- [WHAT TO PRODUCE] Restate word for word each line from the one containing "VIA BLACK &" through the end of the material, and nothing more. Drop every picture.

- [DATA SEGMENT]
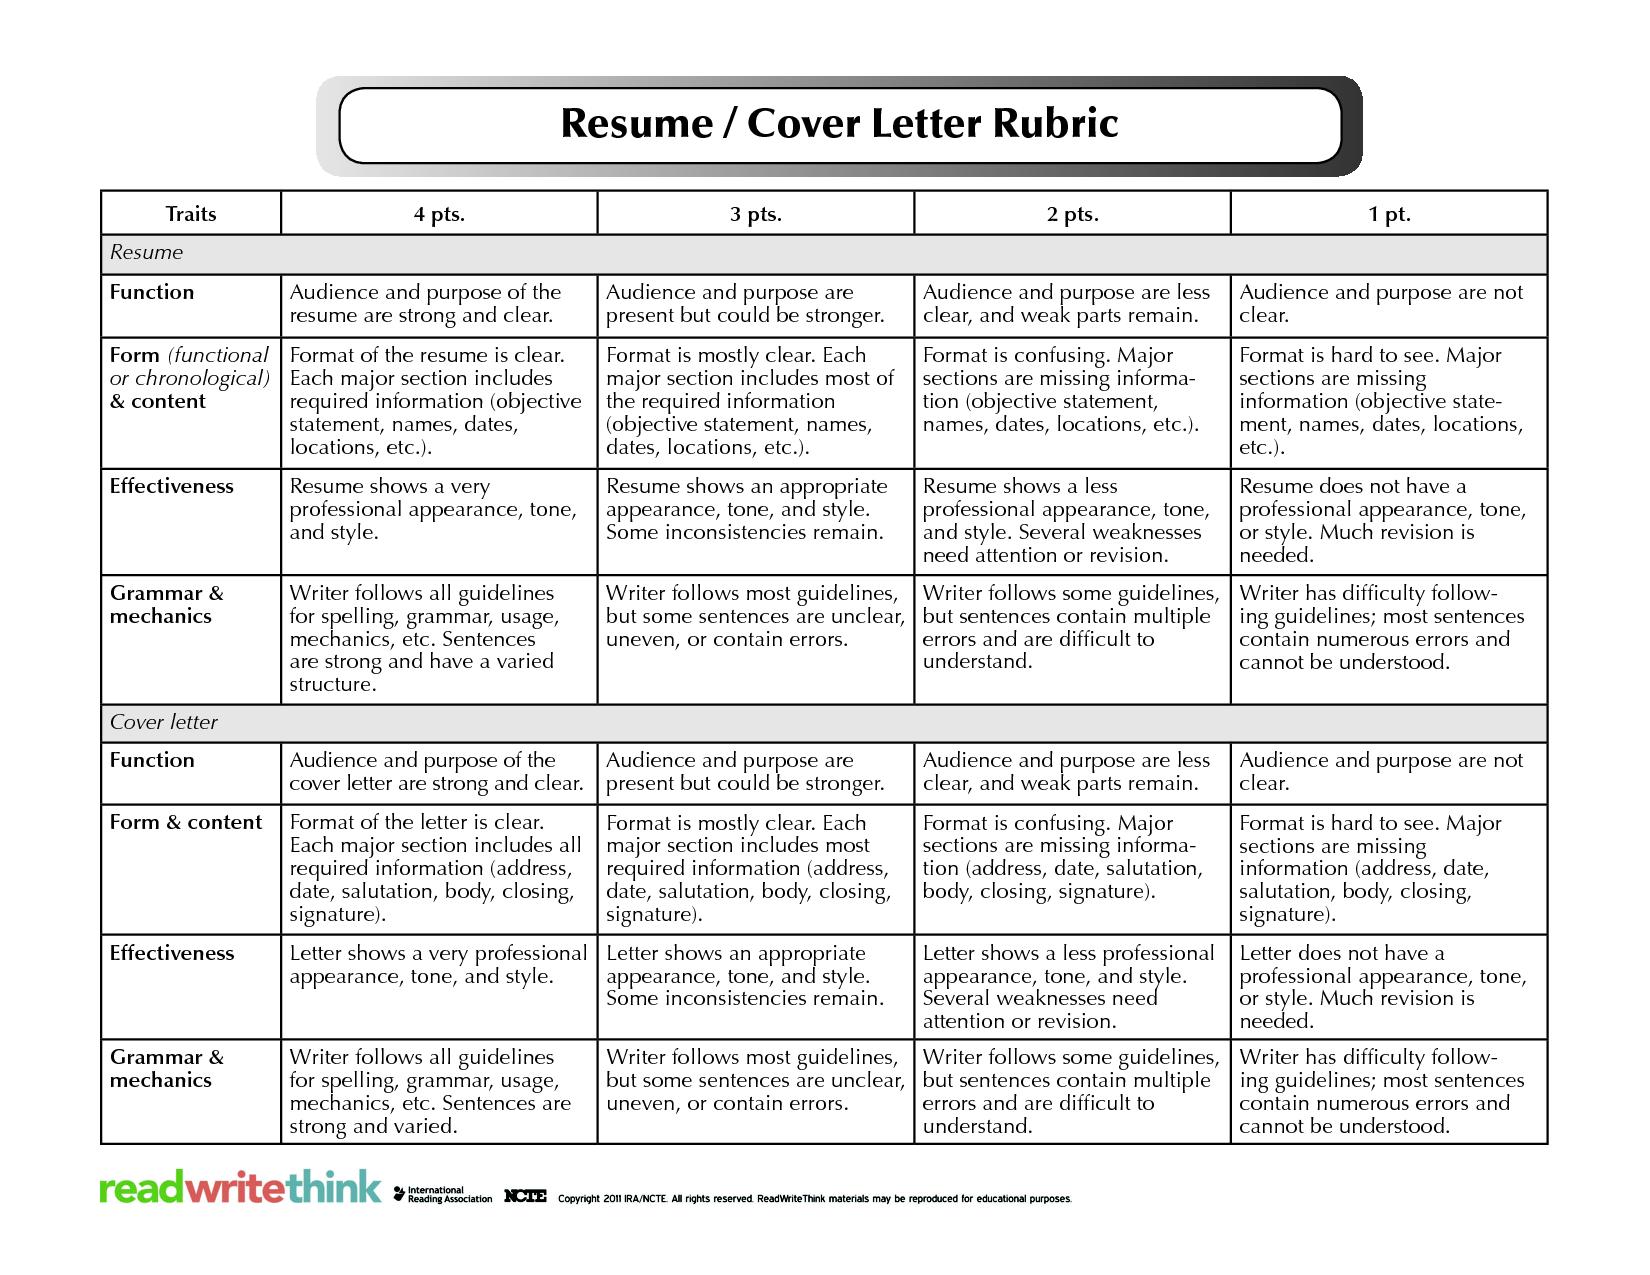 35++ National resume writers association australia Resume Examples
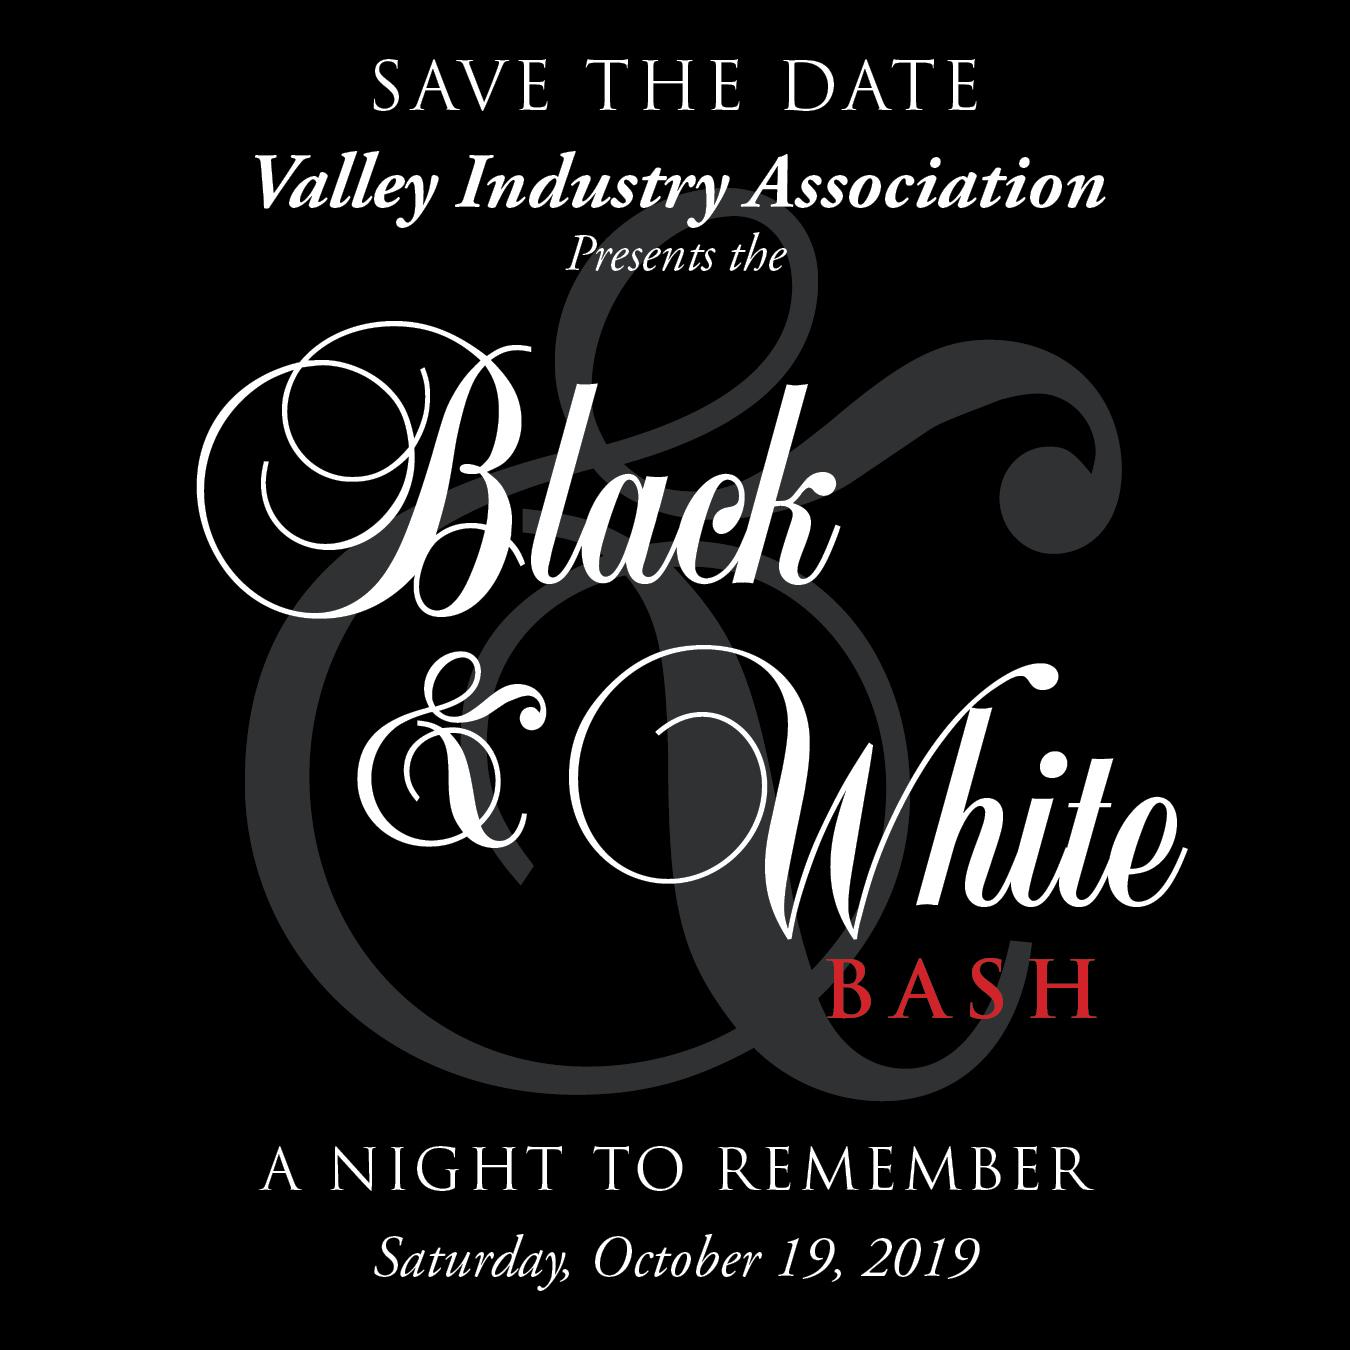 VIA BLACK & WHITE BASH   Cocktails:  7:00 p.m.     Dinner:  8:00 p.m. @ Hyatt Regency Valencia | Santa Clarita | California | United States
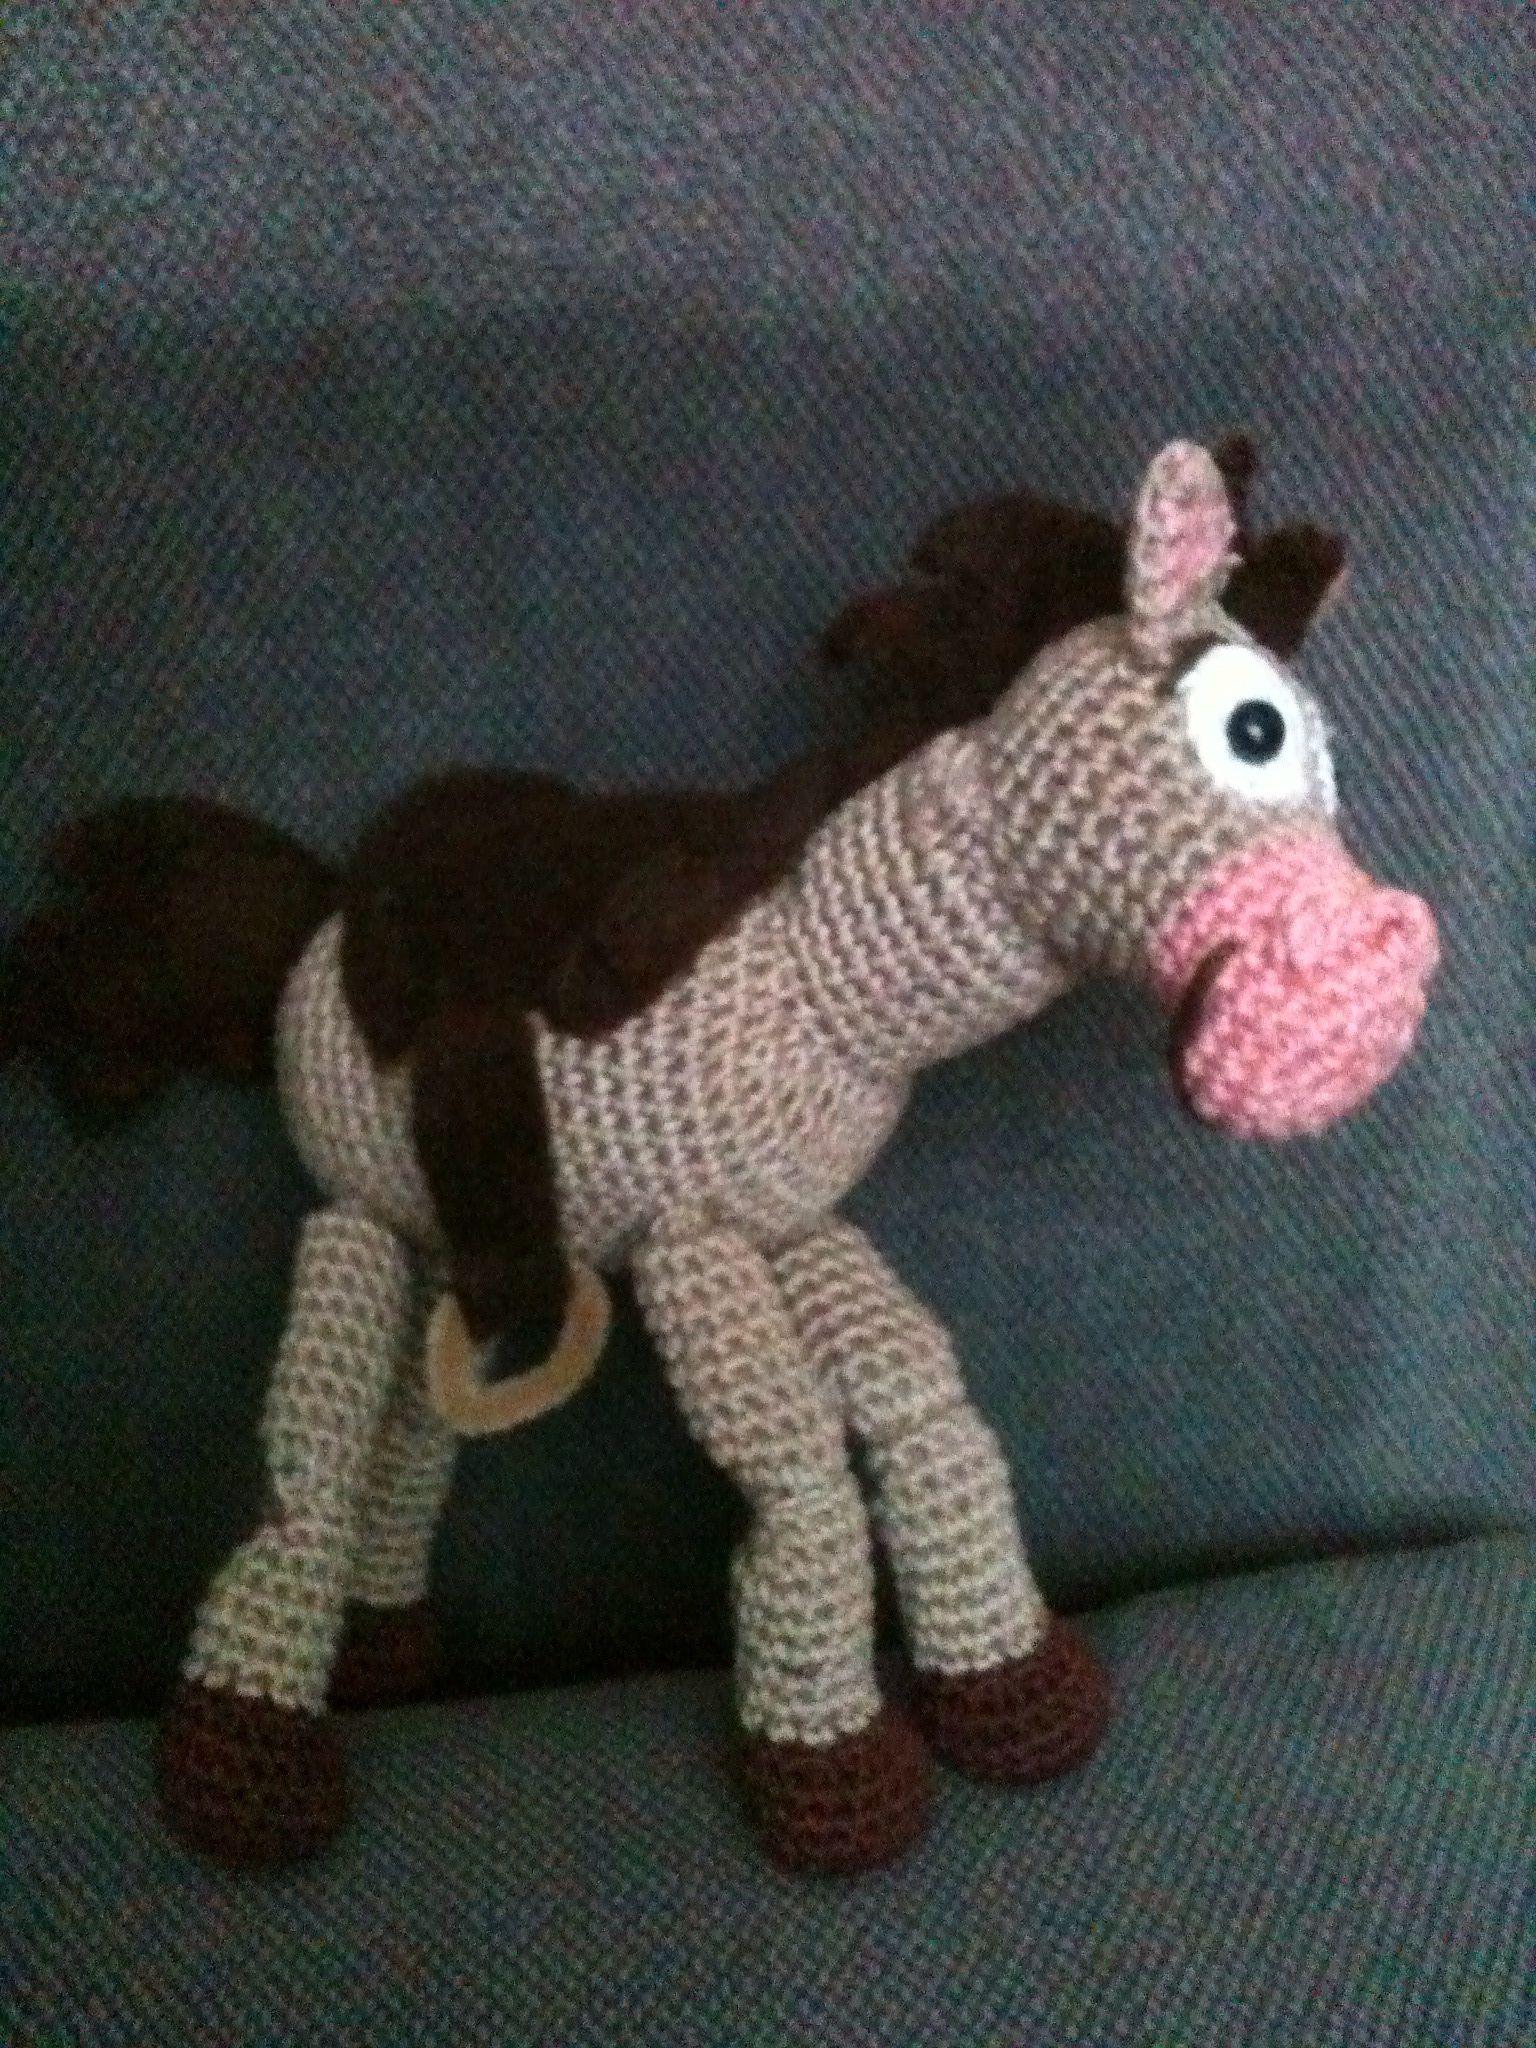 Amigurumi Chofisgurumi, Tiro al blanco, Toy Story, tejido a crochet ...

- [WRITTEN ANSWER]
 VIA BLACK & WHITE BASH   Cocktails:  7:00 p.m.     Dinner:  8:00 p.m. @ Hyatt Regency Valencia | Santa Clarita | California | United States
 Amigurumi Chofisgurumi, Tiro al blanco, Toy Story, tejido a crochet ...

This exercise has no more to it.